• [Task statement] Copy out every record below exactly as written, but leave out any pictures.

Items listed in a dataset
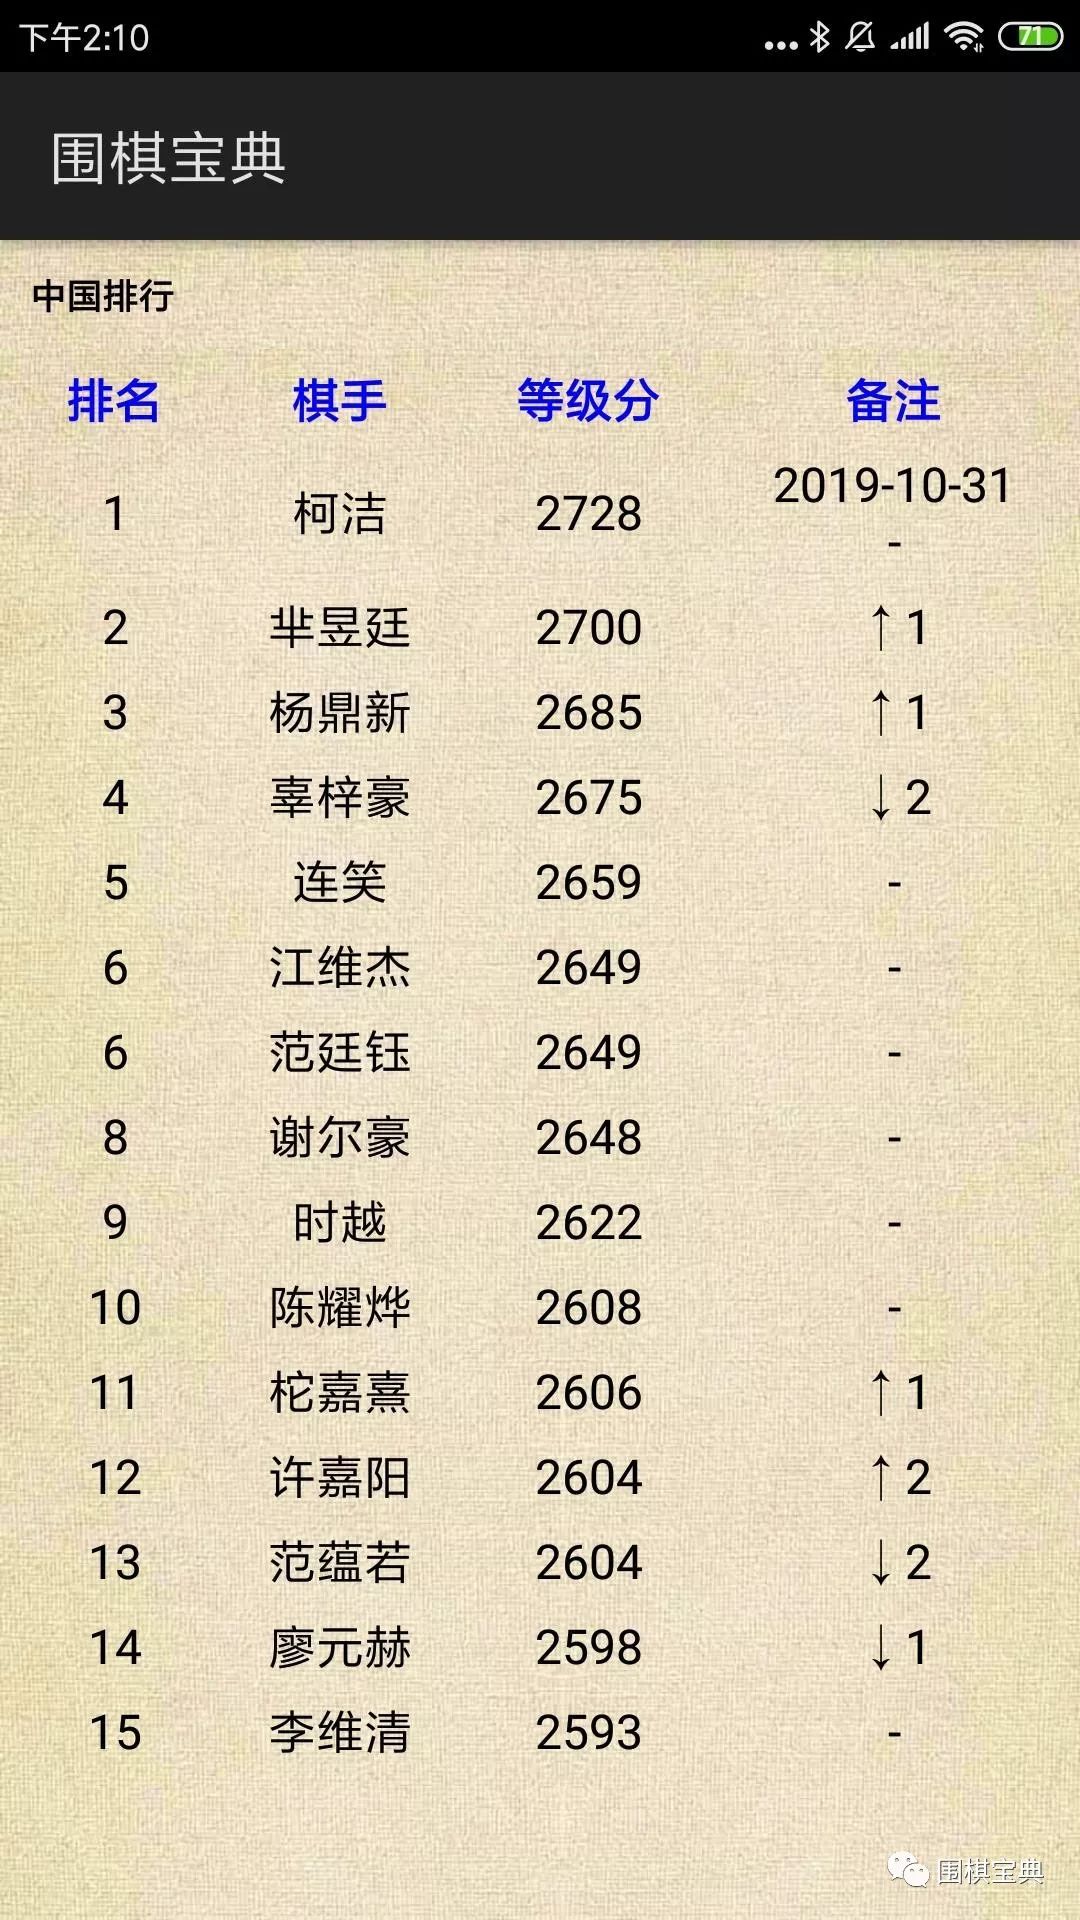 中国围棋等级分排行榜前15位(目前中国围棋等级分最新排名第一的是)
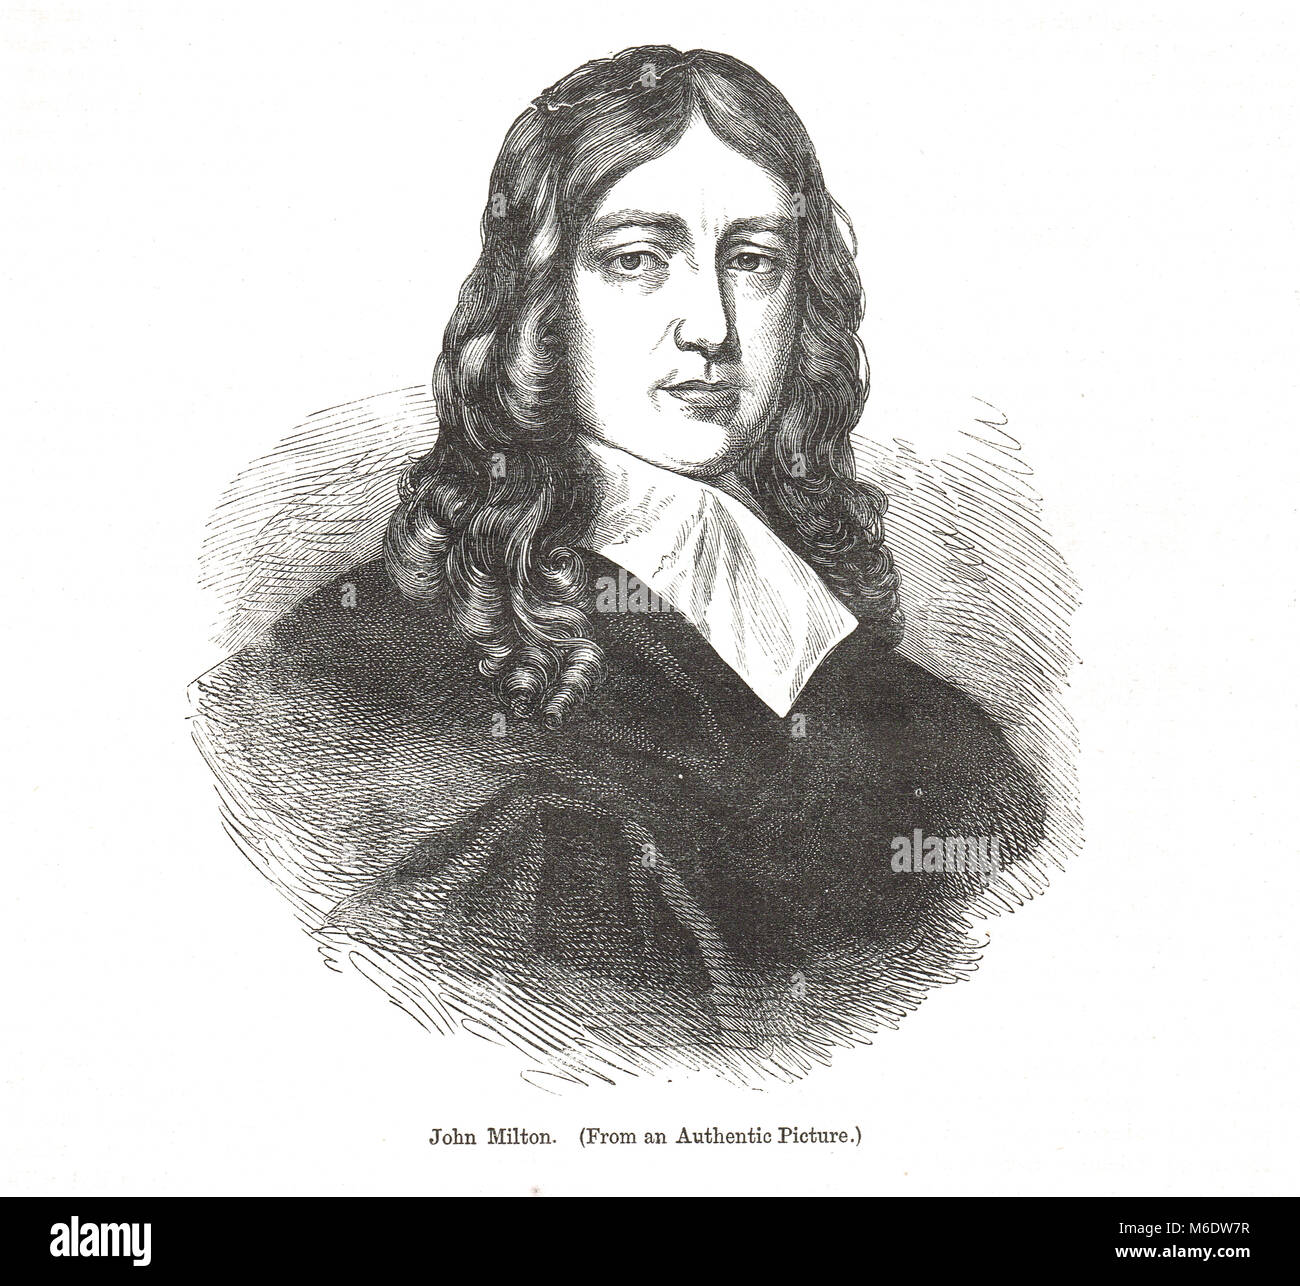 John Milton, 1608 - 1674, englischer Dichter, Polemiker, Literat, Beamter für den Commonwealth von Cromwell, und Verfasser des epischen Gedicht Paradise Lost Stockfoto
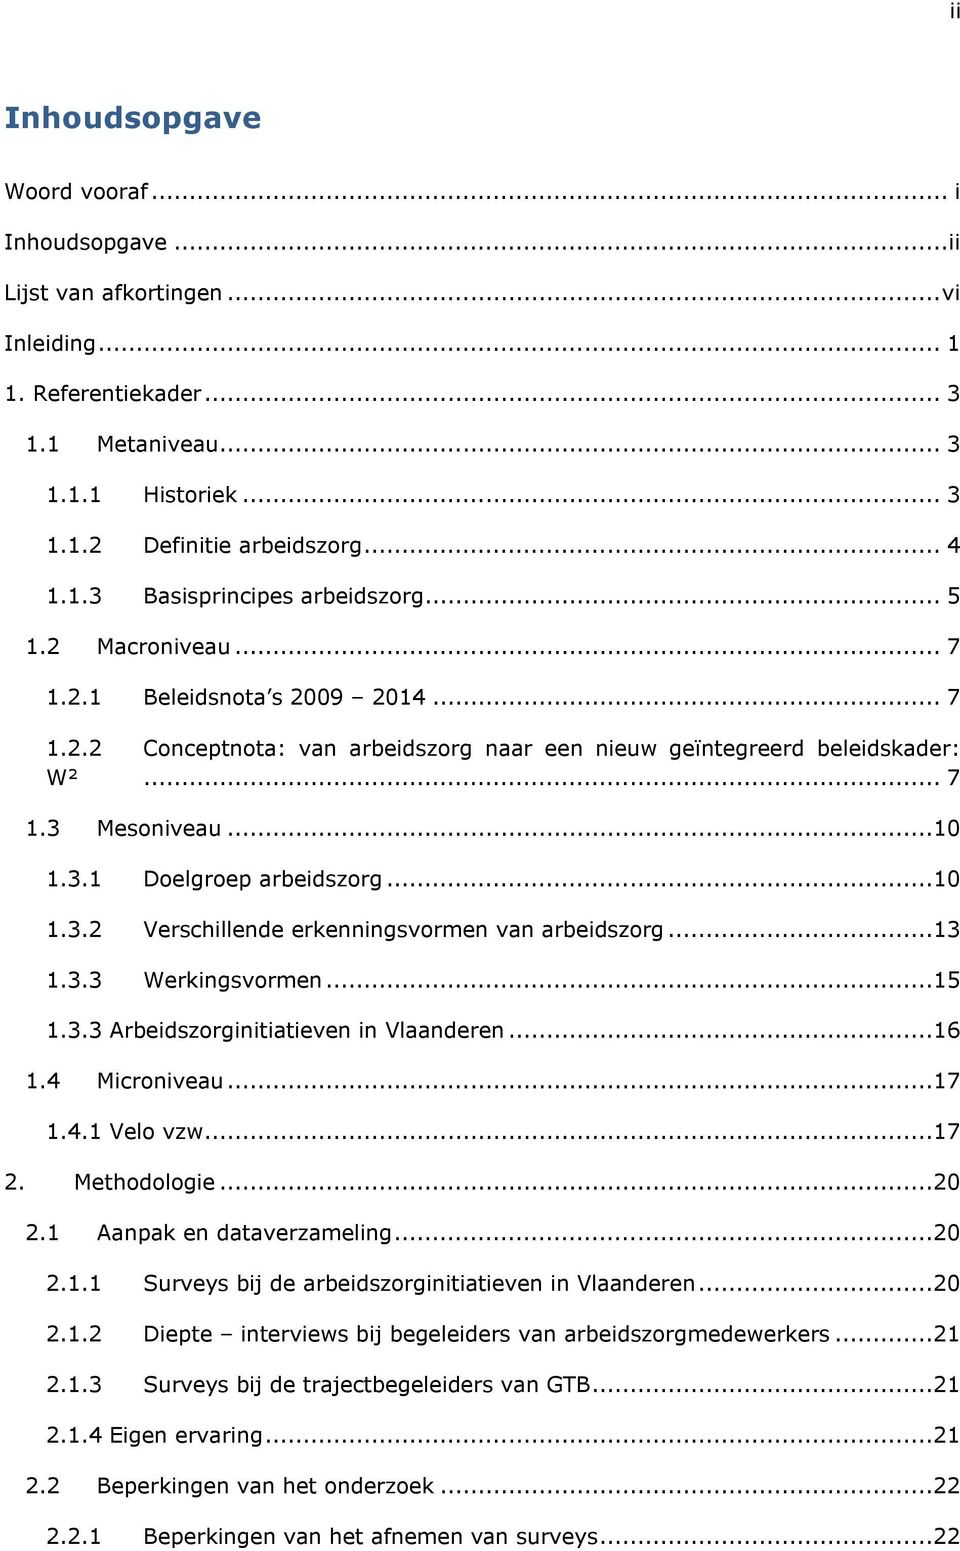 ..13 1.3.3 Werkingsvormen...15 1.3.3 Arbeidszorginitiatieven in Vlaanderen...16 1.4 Microniveau...17 1.4.1 Velo vzw...17 2. Methodologie...20 2.1 Aanpak en dataverzameling...20 2.1.1 Surveys bij de arbeidszorginitiatieven in Vlaanderen.
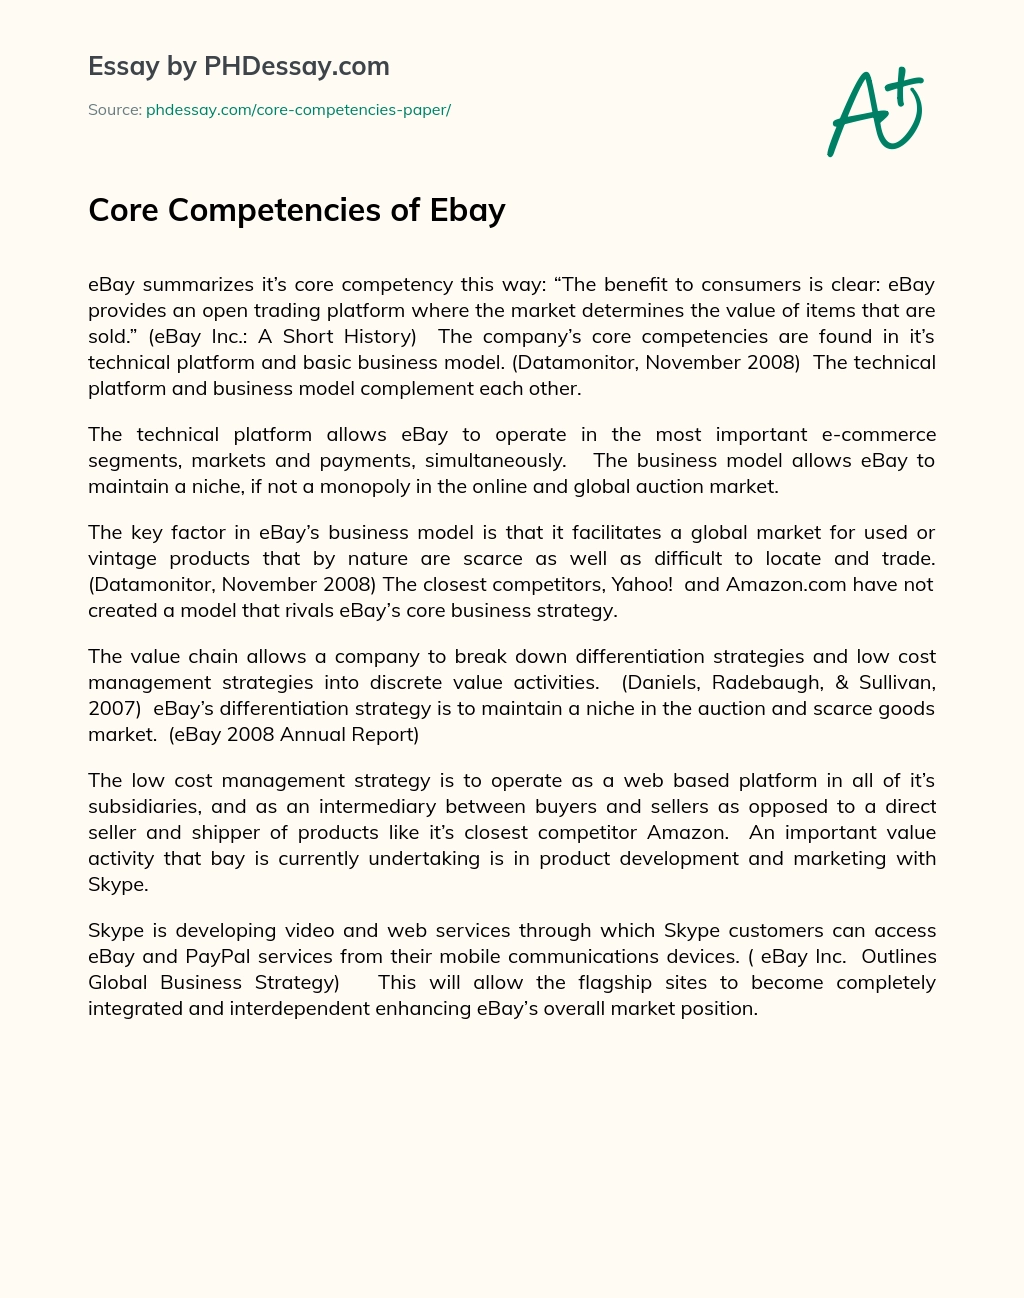 Core Competencies of Ebay essay
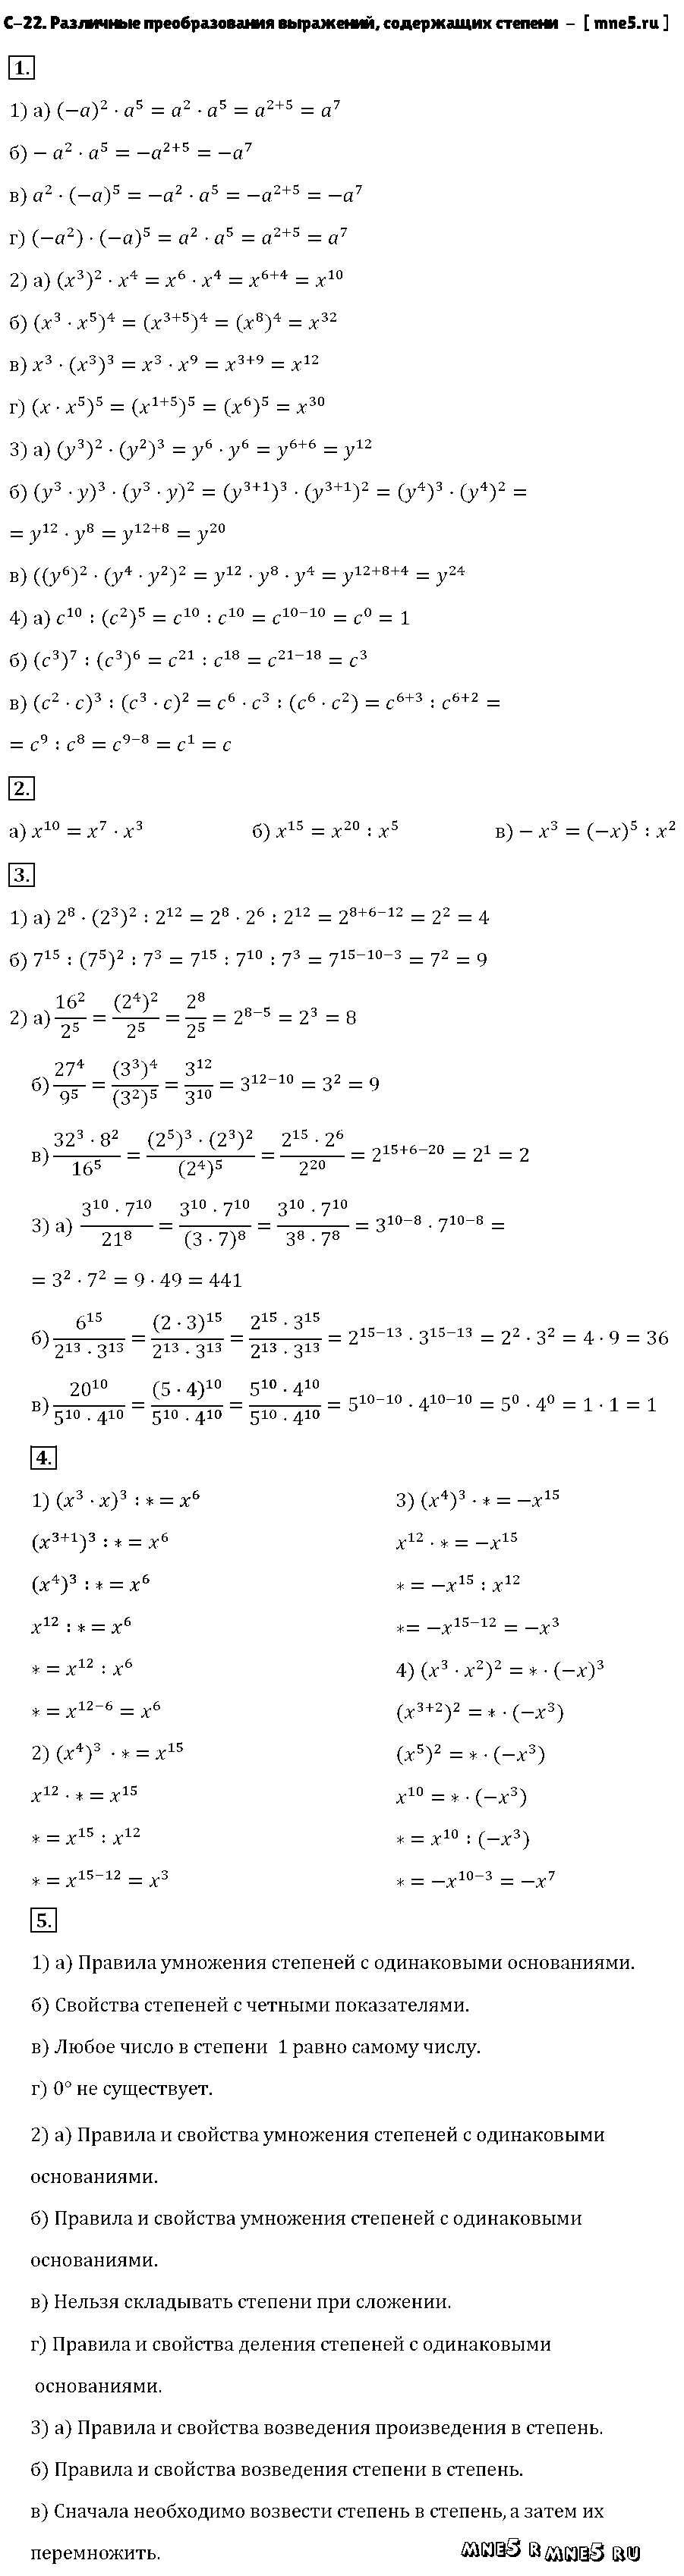 ГДЗ Алгебра 7 класс - С-22. Различные преобразования выражений, содержащих степени

• [Exercise answer]
 中国围棋等级分排行榜前15位(目前中国围棋等级分最新排名第一的是)
 John Milton, 1608 - 1674, englischer Dichter, Polemiker, Literat, Beamter für den Commonwealth von Cromwell, und Verfasser des epischen Gedicht Paradise Lost Stockfoto
 ..13 1.3.3 Werkingsvormen...15 1.3.3 Arbeidszorginitiatieven in Vlaanderen...16 1.4 Microniveau...17 1.4.1 Velo vzw...17 2. Methodologie...20 2.1 Aanpak en dataverzameling...20 2.1.1 Surveys bij de arbeidszorginitiatieven in Vlaanderen.
 Core Competencies of Ebay essay
 ГДЗ Алгебра 7 класс - С-22. Различные преобразования выражений, содержащих степени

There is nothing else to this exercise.